Re: C++ programming challenge

From:

James Kanze <james.kanze@gmail.com>

Newsgroups:

comp.lang.c++

Date:

Mon, 15 Jun 2009 02:59:24 -0700 (PDT)

Message-ID:

<c4d9db20-fc26-4ed3-ba81-7c9309c4e205@h28g2000yqd.googlegroups.com>

On Jun 14, 4:30 am, Jerry Coffin <jcof...@taeus.com> wrote:

In article <12ba30e3-b04b-4c32-9625-
7bd26cb8c...@g20g2000vba.googlegroups.com>, webmas...@jansson.net
says...

I have created a small programming challenge for those of
you who are interested in challenging your Standard C++
programming skills. The challenge is about counting
character frequency in large texts, perhaps useful for spam
filtering or classical crypto analysis. You can read more
about it here:

Yet another bit of code:

#include <iostream>
#include <fstream>
#include <vector>
#include <numeric>
#include <iomanip>

class counter {
    std::vector<double> counts;
    long total;
public:
    static const int num = 'z'-'a'+1;

    counter() : counts(num), total(0) {}

    counter operator+(char c) {
        char ch = tolower(c);
        if (isalpha(ch)) {
            ++total;
            ++counts[ch-'a'];
        }
        return *this;
    }

    friend std::ostream &operator<<(std::ostream &os, counter const &c)
{
        for (int i=0; i<num; ++i)
            if (isalpha('a'+i))
// The single most complex part of the program is getting the
// output formatted as your web site shows it!
                os << char('a'+ i) << " "
                   << std::fixed
                   << std::setw(6)
                   << std::setprecision(3)
                   << c.counts[i]/c.total*100.0 << "%\n";
        return os;
    }
};

int main(int argc, char **argv) {
    std::ifstream input(argv[1]);

    counter &counts = std::accumulate(
        std::istream_iterator<char>(input),
        std::istream_iterator<char>(),
        counter());

    std::cout << counts;
    return 0;
}

I suppose it's open to argument whether I might be abusing
std::accumulate and/or operator overloading. I (obviously)
don't really think so, but I'll admit that especially in the
latter case there's room for question.

I think it's a good example of the sort of thing accumulate
should be usable for. Note, however, that accumulate will
normally copy your counter twice for each element, which isn't
going to help performance much. In the past, I've used a
somewhat hacky solution to avoid this:

    class Counter
    {
        // as above, with in addition...
        class Dummy {} ;
        class AddOp
        {
            Dummy operator+( Counter& dest, char ch ) const
            {
                dest += ch ;
                return Dummy() ;
            }
        } ;
        Counter& operator=( Dummy const& )
        {
            return *this ;
        }
    } ;

Then invoke accumulate with Counter::AddOp() as the fourth
argument. It's horrible, but when with my SHA-1 accumulator, it
made more than an order of magnitude of difference in the
performance---and my SHA-1 accumulator was probably a lot
cheaper to copy than your Counter class.

Also, I'd avoid floating point for the accumulation---long long
seems preferable (but since we have no idea what the largest
file size is that needs to be handled, who knows).

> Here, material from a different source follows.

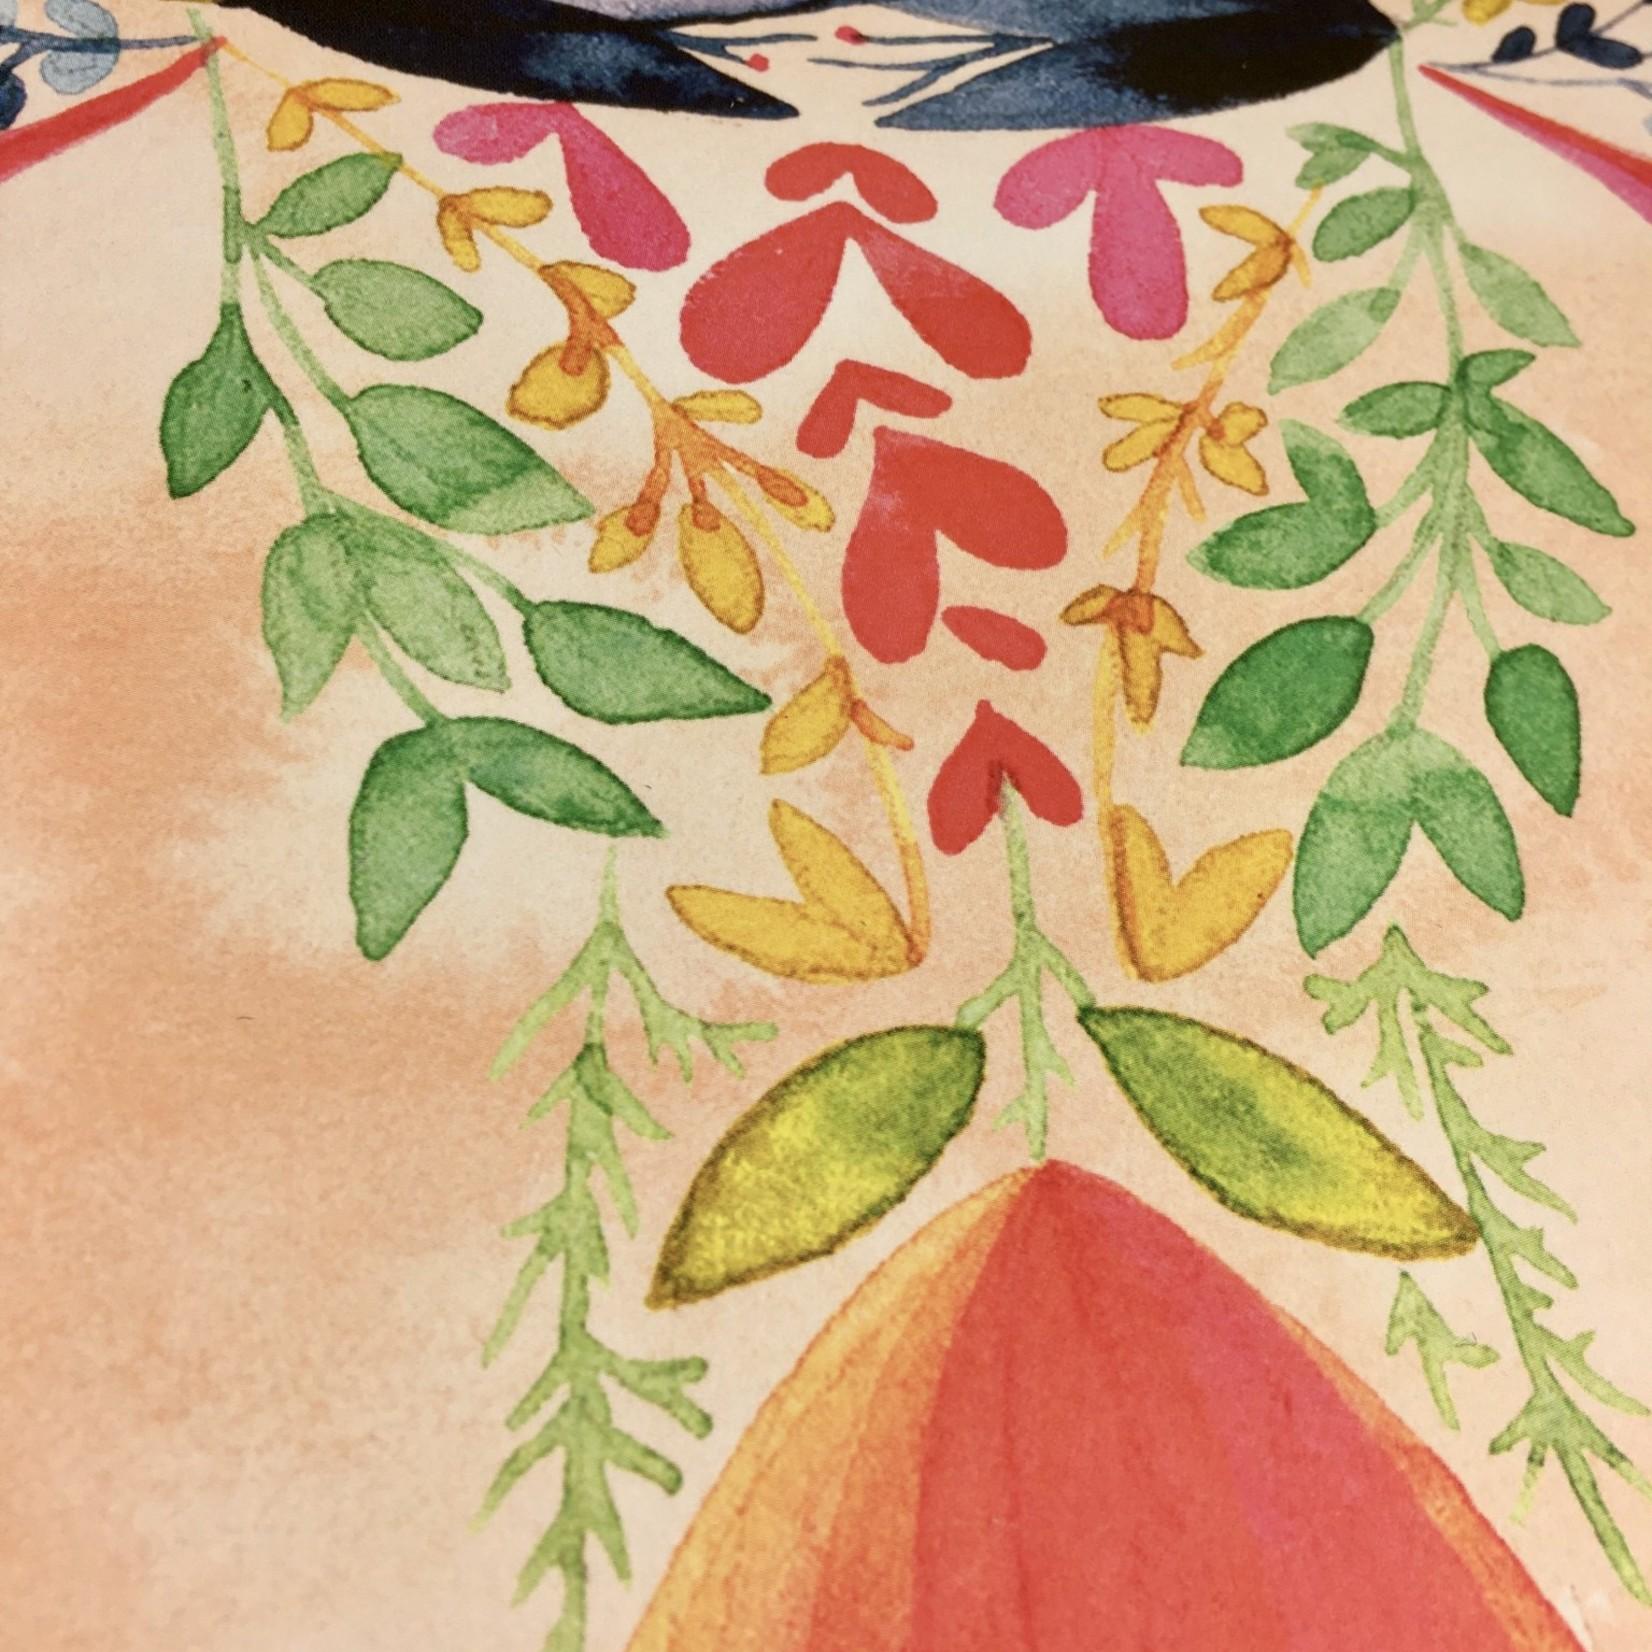 Meera Lee Patel Floral Watercolor Female 11x14 Art Print

I don't have the right sort of machine handy to test it with,
but I believe this should work with something like EBCDIC.
Making it work correctly with something like almost any
Unicode encoding would take substantial modifications.

It will work for EBCDIC, but it won't work for ISO 8859-1 (which
is probably the most widespread single byte encoding).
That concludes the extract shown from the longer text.